Carvajal scrollò le spalle.

— Dopo il primo dell’anno Sudakis non sarà più assessore alla polizia. Il sindaco dovrebbe trovare in tempo un valido sostituto.

— Forse è così. Ma sembra così maledettamente improbabile. Sudakis è solido come la rocca di Gibilterra. Non posso andare dal sindaco e dirgli che sta per dare le dimissioni, anche se è vero. Già per la faccenda di Thibodaux e Ricciardi ho dovuto sostenere una lotta durissima e Mardikian ha voluto che mi curassi con un po’ di riposo. Se adesso arrivo con un’assurdità di questo genere, sono capaci di licenziarmi.

Carvajal continuò a fissarmi con aria imperturbabile e implacabile.

— Fornitemi, almeno, qualche dato che sostenga questa tesi. Perché Sudakis ha in mente di ritirarsi?

— Non so.

— Riuscirei a ottenere qualche indizio se parlassi con lui?

— Non so.

— Non sapete, non sapete! E neanche vi interessa, vero? Tutto quello che sapete è che medita di andarsene.

— Non so neppure quello, Lew. Tutto quello che posso dirvi è che darà le dimissioni. Forse neanche lui lo sa ancora.

— Ma bene! Benissimo! Avverto il sindaco, il sindaco manda a chiamare Sudakis, e Sudakis nega tutto, perché per ora non è ancora così.

— La realtà non si smentisce mai.

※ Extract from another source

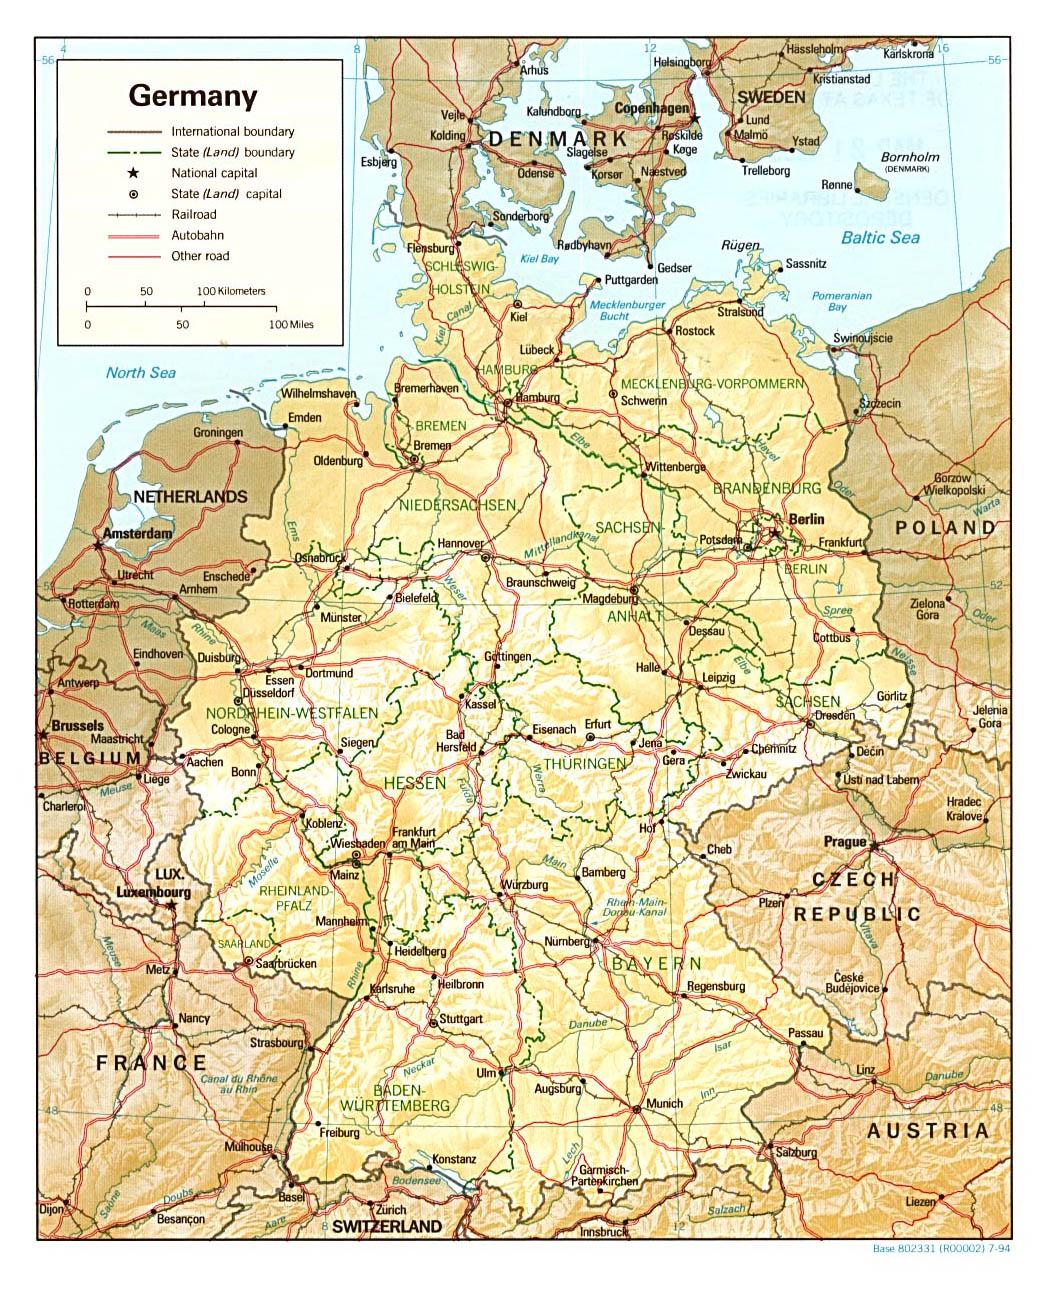 brewzavod - Blog: http://brewzavod907.weebly.com/

Sudakis se ne andrà. Accadrà improvvisamente.

— Ma devo essere proprio io a dirlo a Quinn? Cosa succede se non gli dico niente? Se la realtà non si smentisce mai, Sudakis si dimetterà, sia che io parli sia che io non parli. Non è così? Non è vero?

— Volete che il sindaco sia colto alla sprovvista quando succederà?

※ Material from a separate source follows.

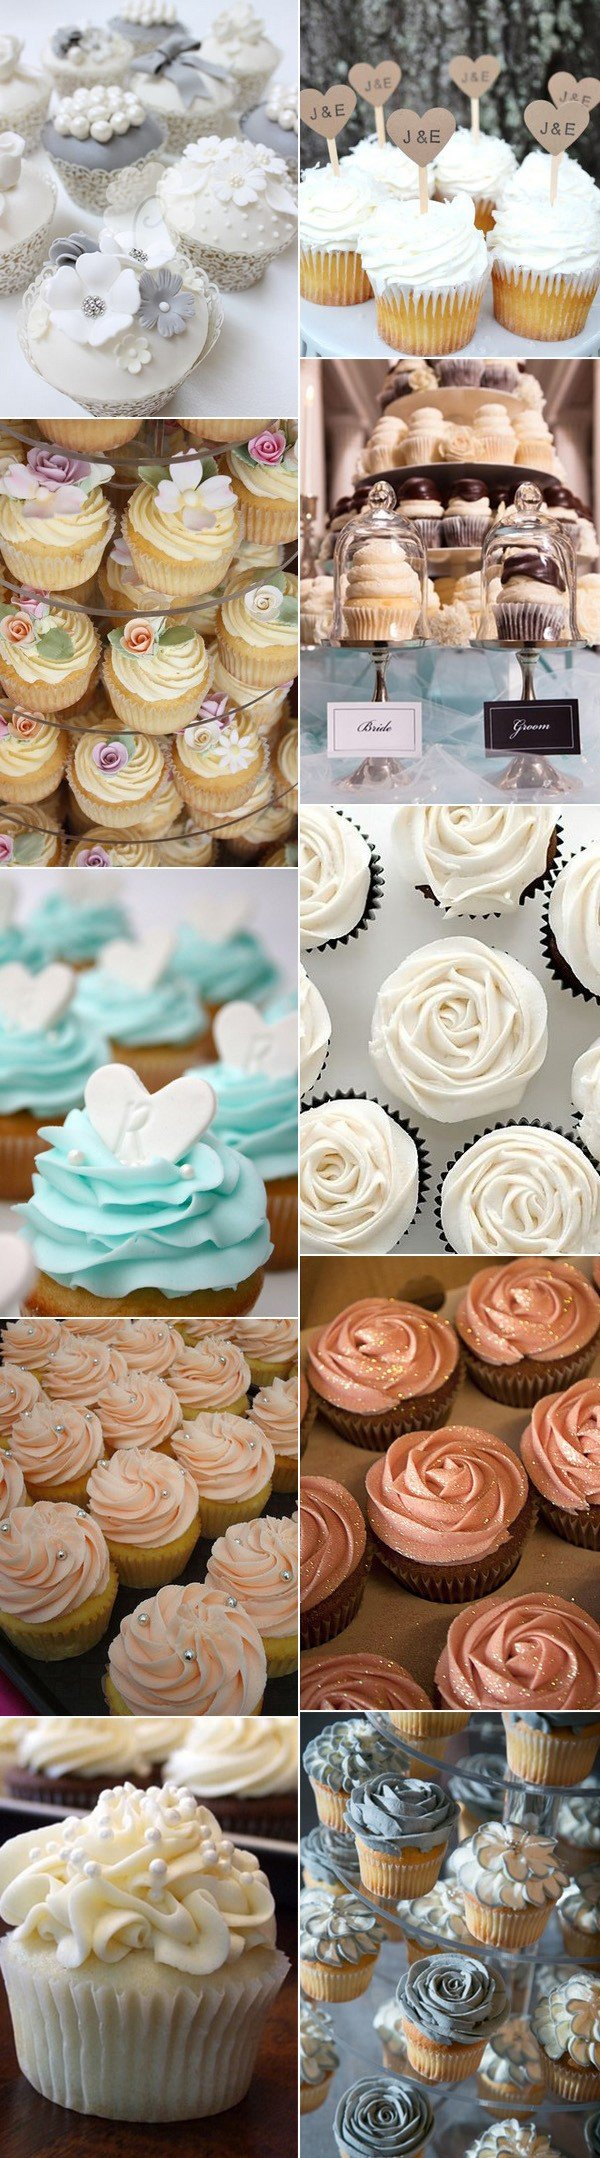 unique wedding cupcake ideas

— Molto meglio questo piuttosto che il sindaco pensi che sono pazzo.

— Avete paura di avvertire Quinn delle dimissioni di Sudakis?

— Sì.

— Cosa pensate che vi potrebbe succedere?

— Mi troverò in una posizione imbarazzante. Mi si chiederà di dare una giustificazione a qualcosa che per me non ha senso. Dovrò continuare a ripetere che è un’intuizione, solo un’intuizione, ma se Sudakis nega di avere intenzione di dimettersi, perderò la mia influenza su Quinn. Può anche darsi che perda il mio posto. È questo che volete?

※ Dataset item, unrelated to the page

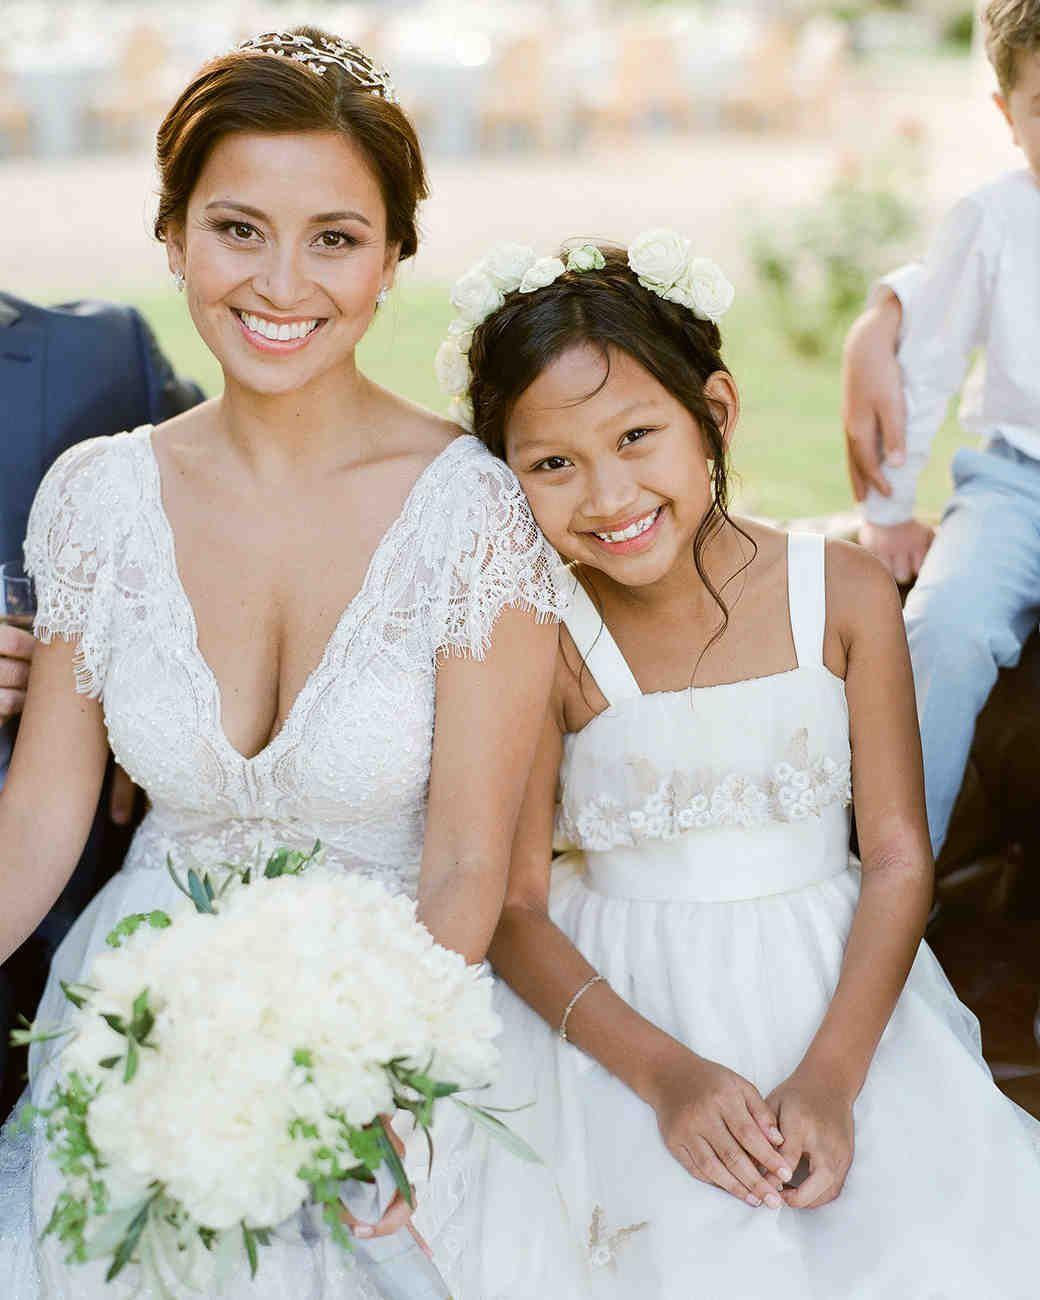 Martha Stewart Daughter Wedding.A Chic Family Oriented Destination Wedding In France

— Non ho nessun desiderio di alcun genere.

— Senza contare che Quinn non permetterà che Sudakis si dimetta.

— Ne siete sicuro?

— Sicurissimo. Ne ha troppo bisogno. Non accetterà le sue dimissioni. Qualunque cosa possa dire, Sudakis conserverà il proprio posto, e allora cosa succede al mantenimento della realtà?

— Sudakis non conserverà il suo posto — ripeté Carvajal, indifferente.

Me ne andai e cominciai a riflettere.

Le obiezioni che avevo mosso a Carvajal sembravano logiche, ragionevoli, plausibili e inconfutabili. Non ero disposto a espormi tanto subito dopo il mio ritorno, mentre Mardikian era ancora scettico sul mio equilibrio mentale. D’altra parte, se qualche fatto imprevedibile avesse costretto Sudakis a dimettersi, io avrei trascurato il mio dovere non avvertendo il sindaco. In una città sempre sull’orlo del caos, anche una confusione di pochi giorni nei quadri dirigenziali del Dipartimento di Polizia poteva portare all’anarchia nelle strade, e la cosa di cui Quinn aveva certamente meno bisogno, come candidato potenziale alla presidenza, era un rigurgito, sia pur breve, del disordine che aveva devastato la città prima dell’amministrazione repressiva di Gottfried e nel breve interregno del debole DiLaurenzio. Inoltre, non avevo mai rifiutato di ubbidire alle direttive di Carvajal, e non volevo sfidarlo ora. Poco alla volta, il concetto dell’immutabilità della realtà era diventato parte di me; senza rendermene conto avevo accettato la filosofia di Carvajal a tal punto che avevo paura di intromettermi nel corso inevitabile degli eventi. Sentendomi come uno che si arrampica su una banchisa di ghiaccio diretta verso le Cascate del Niagara, decisi di passare l’indicazione a Quinn, con o senza paura.